Please write out every line of the listing without alteration, but omit the images.

◆ RECORDED INFORMATION
★ ★ ★
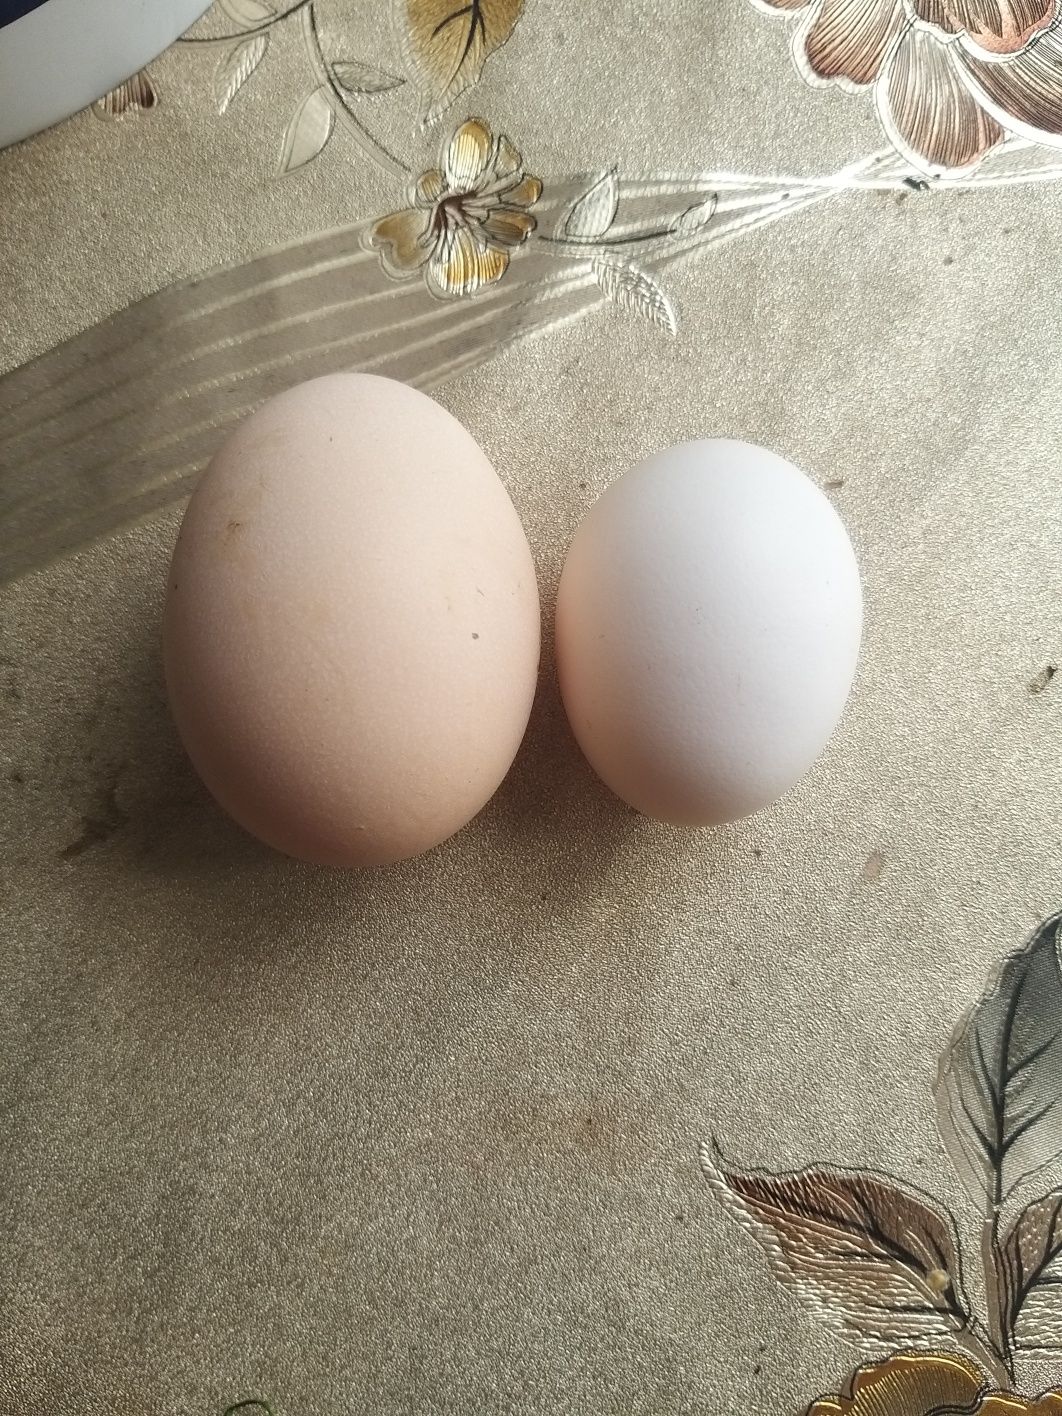 Ouă de găină și ouă de găină americană
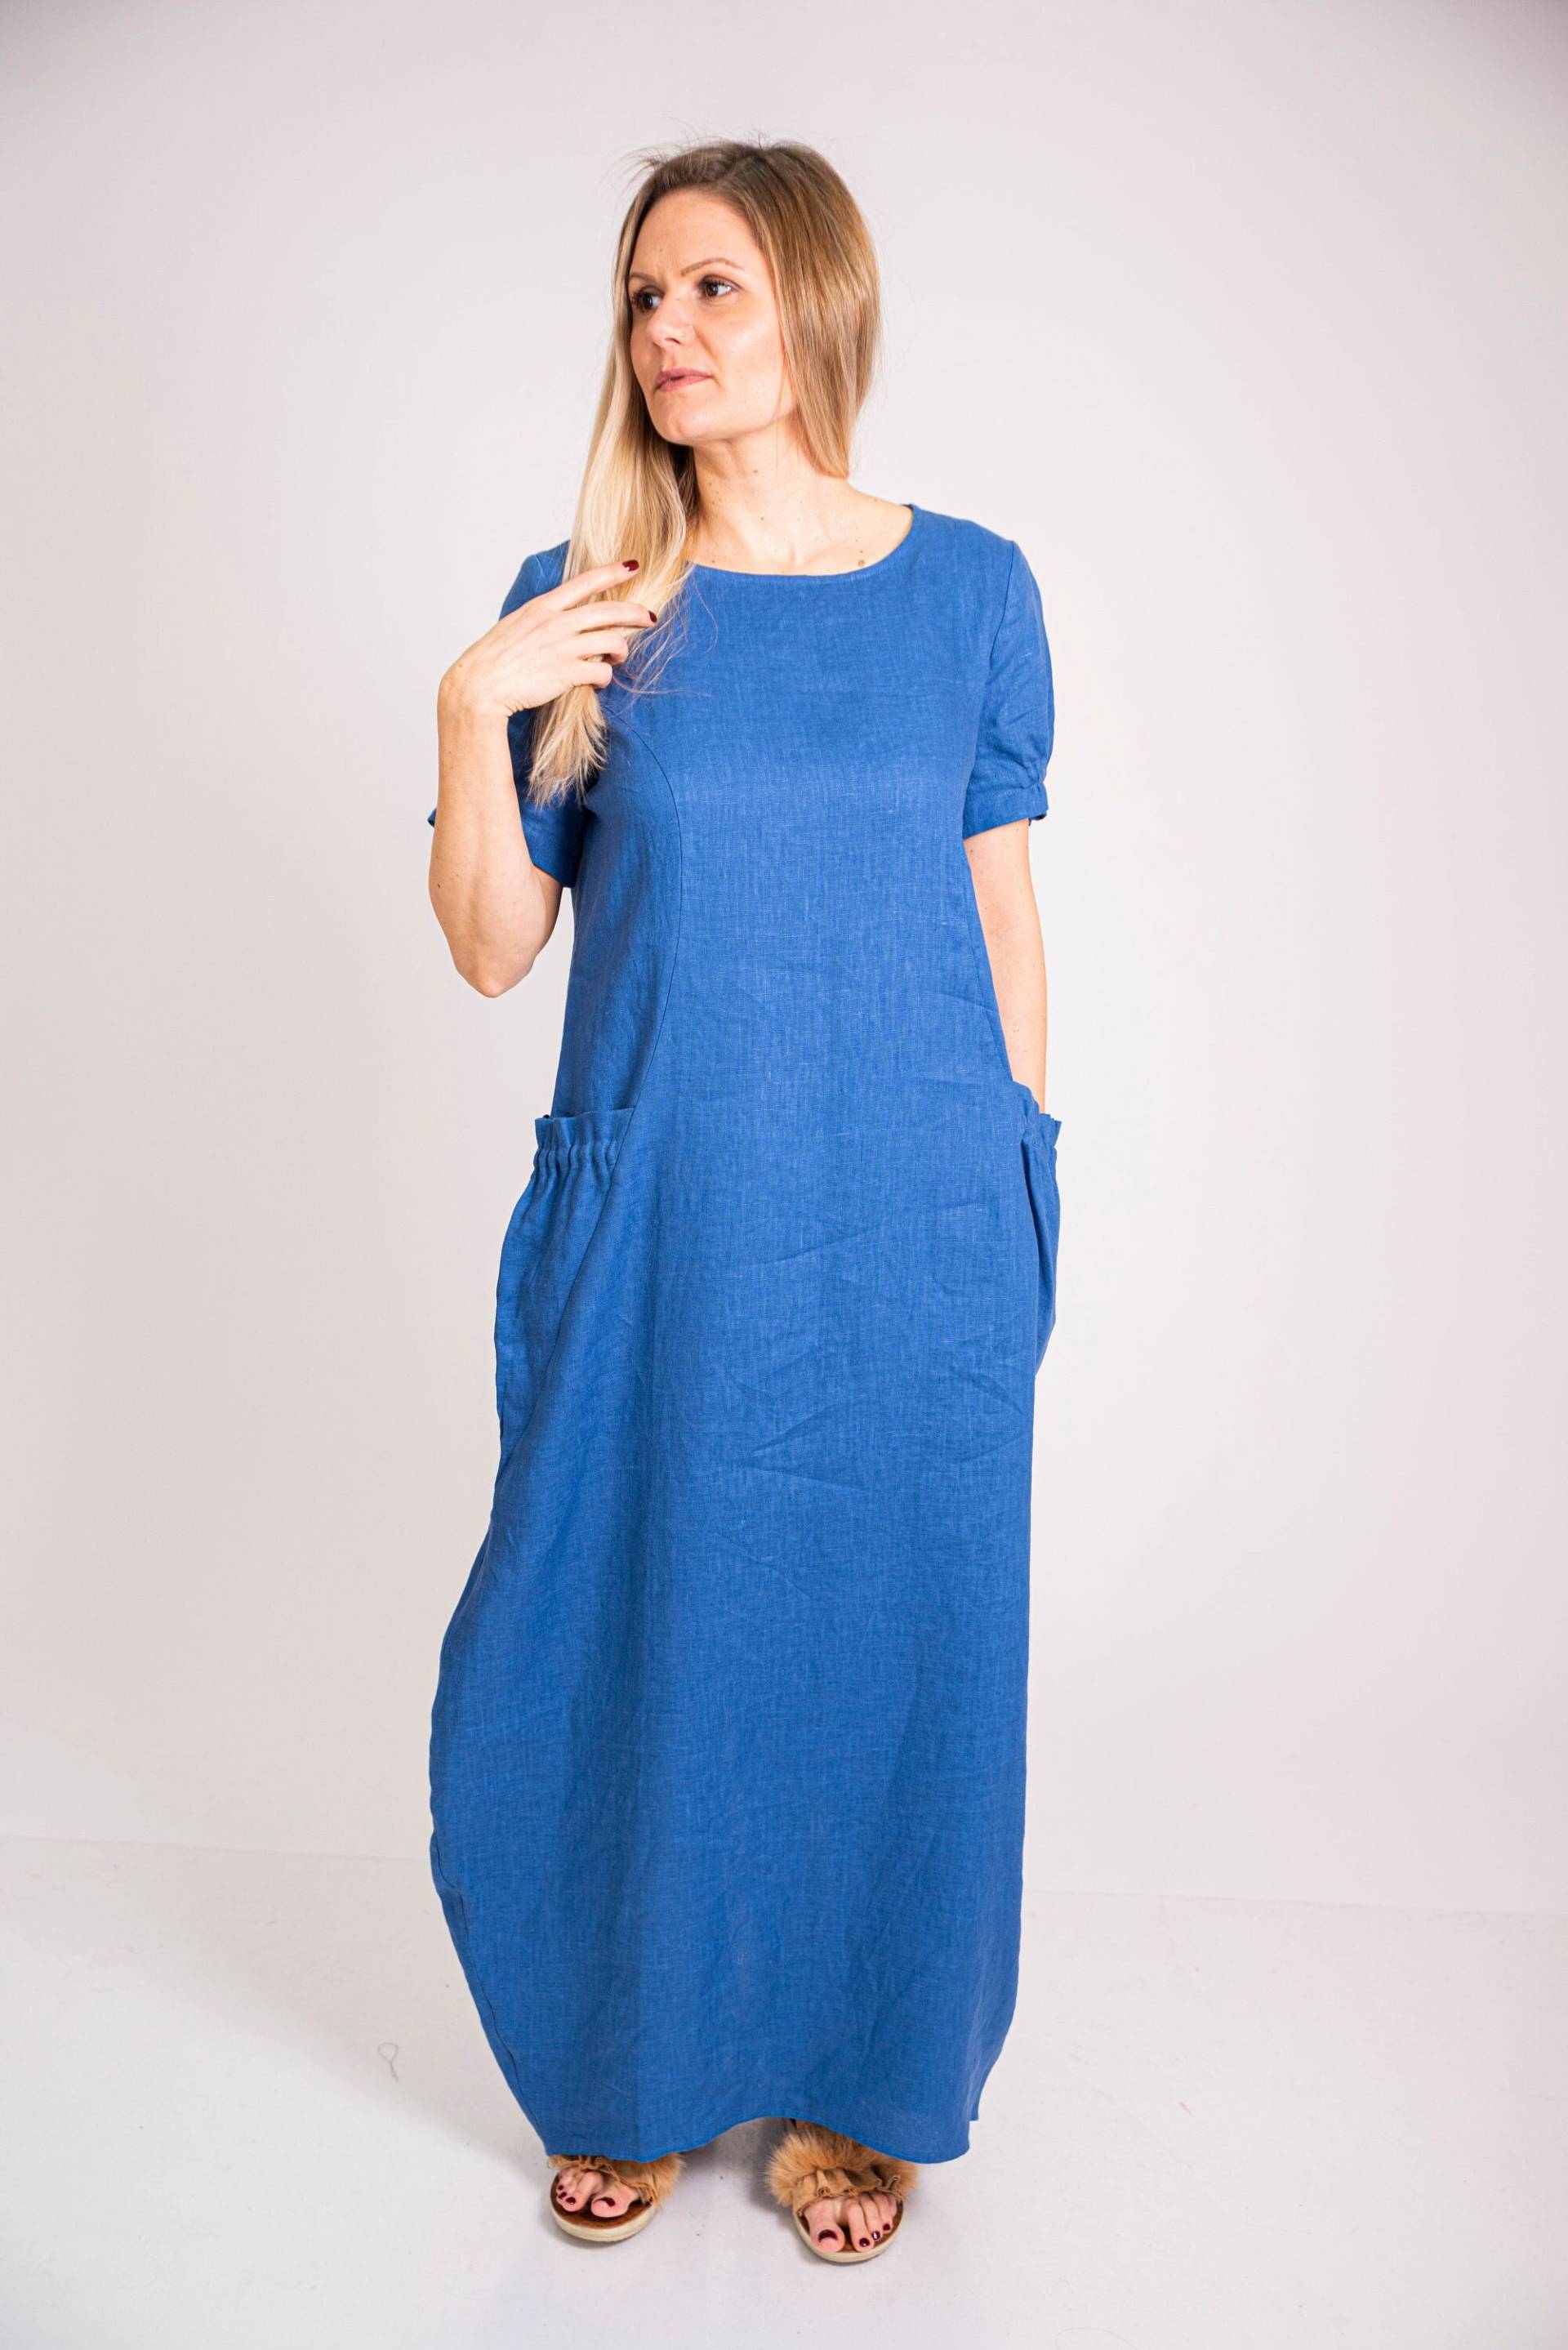 Blaues Leinenkleid Damen Entspanntes Mit Taschen Kurzärmeliges Kleid Leinen Sommer Abaya Cocoon von LinenDressesForWomen
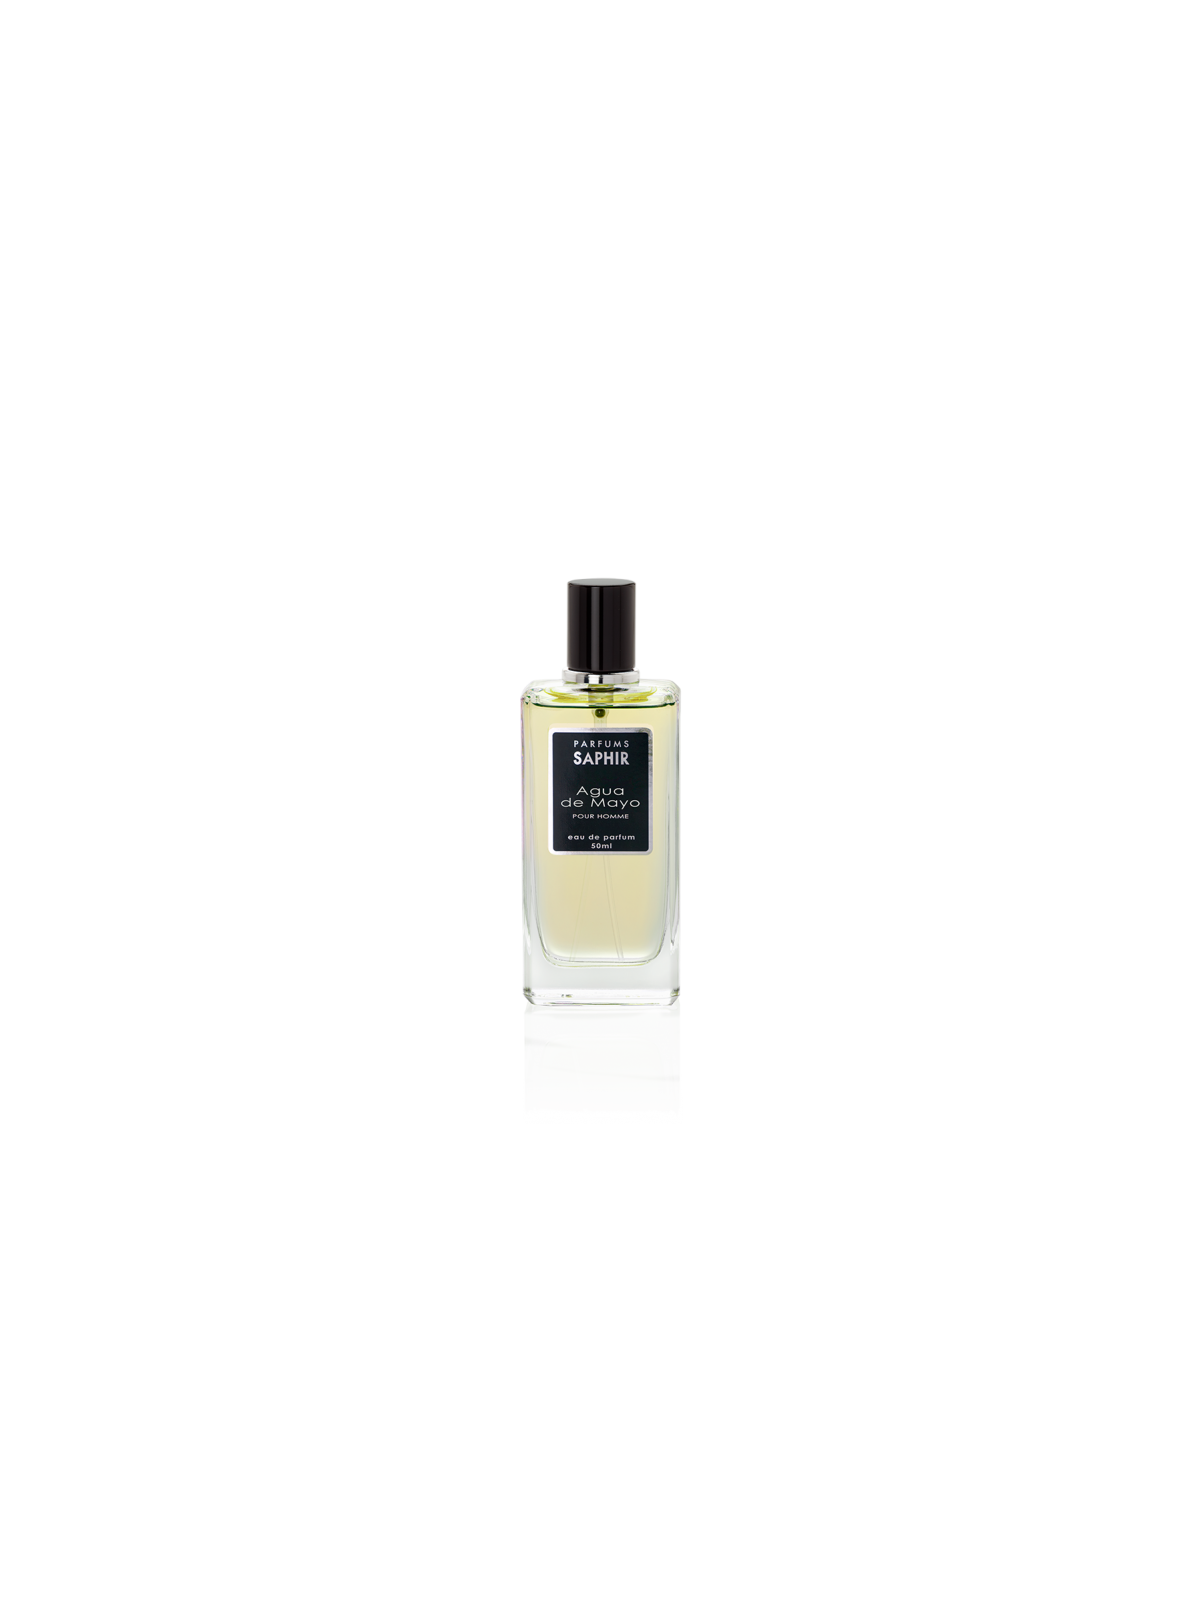 Comprar Perfume Saphir Agua de Mayo Hombre 50ML. en Perfumes para hombre por sólo 4,95 € o un precio específico de 4,95 € en Thalie Care
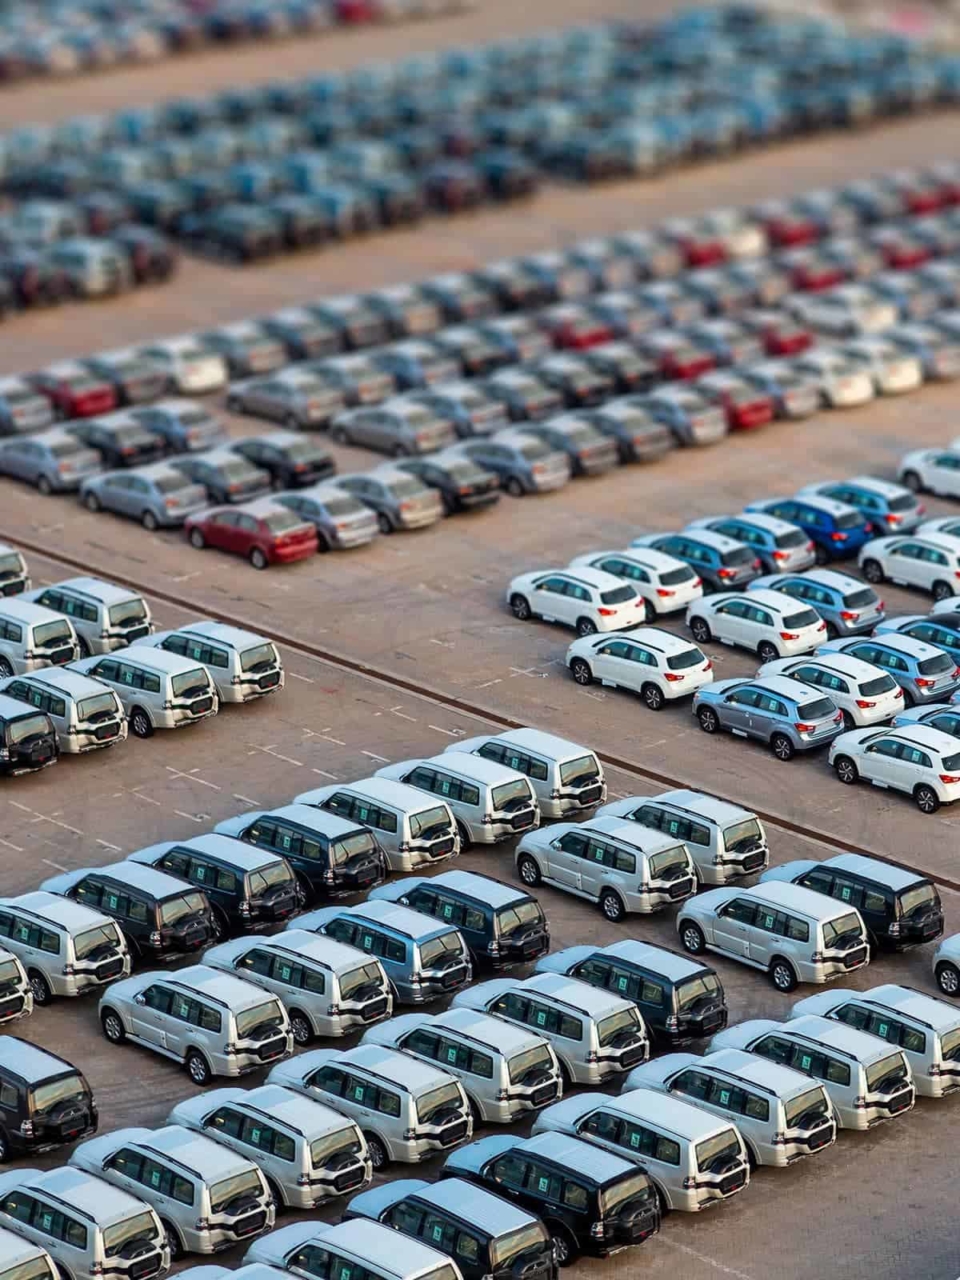 Fleet of cars in a parking lot
★ ★ ★
◆ ANSWER TO THE EXERCISE
 Ouă de găină și ouă de găină americană
 Blaues Leinenkleid Damen Entspanntes Mit Taschen Kurzärmeliges Kleid Leinen Sommer Abaya Cocoon von LinenDressesForWomen
 Comprar Perfume Saphir Agua de Mayo Hombre 50ML. en Perfumes para hombre por sólo 4,95 € o un precio específico de 4,95 € en Thalie Care
 Fleet of cars in a parking lot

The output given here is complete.